Last week I attended the latest Data Science London meetup, which had a focus on Graphs and Graph Data. The take home message for me was that graph databases are an exciting and distinctive piece of technology, firstly because they can simplify storage and analysis of messy data sets, and secondly because they provide a useful visual encoding facilitating communication, interaction, and exploration of data.

First to speak was Ian Robinson from Neo Technology, co-author of the book ‘Graph Databases’. Neo Technology is the company behind Neo4j, who also sponsored the meetup.
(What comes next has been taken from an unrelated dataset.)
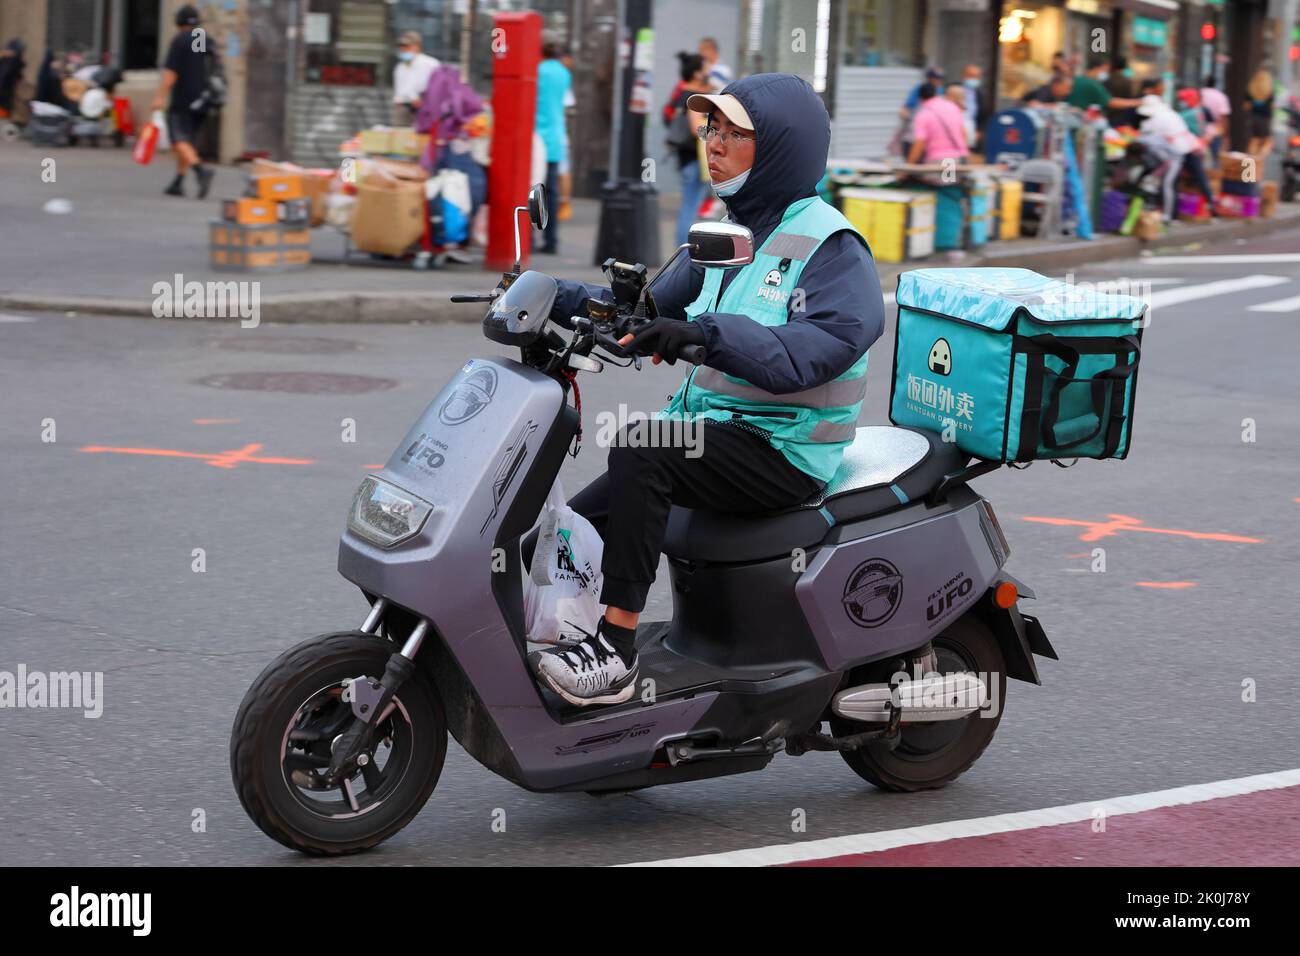 Une personne de livraison de Fantuan sur un cyclomoteur électrique dans le centre-ville de Flushing, New York. Fantuan 飯糰外賣Asian livraison de nourriture Banque D'Images

Ian made a presentation in which he described the fundamentals of the graph data model, the data structure at the at the core of a graph database.

He argued that the problem graph databases are trying to solve is that of ‘semi-structured’ data, and that they have certain conceptual and performance advantages compared to relational databases in situations where ‘joins’ are necessary.

Thanks to Ian I now have a clearer idea of the graph data model is, which I illustrate below.

graph

Specifically we have ‘nodes’ and ‘relationships’ where:

  • Nodes are usually nouns, in my diagram on the left people, places, books, and have labels which they may share with other nodes

  • Relationships (or edges in traditional network terminology) have relationship types, usually verb-like, in this example ‘lives at’, ‘wrote’. They are directed, for example author A wrote the book B, not vice versa, and also have key/value pairs associated with them, for instance dates.

Within Neo4j you can query the database looking for particular graph configurations or shortest paths, using Cypher, Neo4j’s query language, which doesn’t look that difficult to learn (there are a good number of drivers available for Neo4j here). For instance, a query might be written to find all authors of a particular genre from a particular country.

In the question and answer session, Ian also pointed out two solutions for handling ‘super nodes’, which are situations in which there are one or more nodes with a relatively large number of attached nodes, for instance Lady Gaga‘s followers. Either the surrounding nodes can be abstracted away as a new node property, or a sampling based approach can be taken, since often we are not that interested in all of the nodes around a super node.

Next to speak was Tareq Adebrabbo from Open Credo, who gave an useful overview his experience working with Neo4j.  His slides are available here, and are based on one of Tareq’s blog posts here. Tareq’s point was that problems solved with graph databases are often either ‘domain centric’, ie use a more predictable data model, or ‘data centric’, using less predictable data from a variety of sources. He went on to describe two applications, an impact analysis in a telecoms network, and an optimization problem within an oil flow network, as well giving best practice recommendations for working with graph databases.

Thanks to Carlos Somohono for organizing the Data Science London meetups. They’ve been fascinating and I’m looking forward to coming along to more sessions in 2014.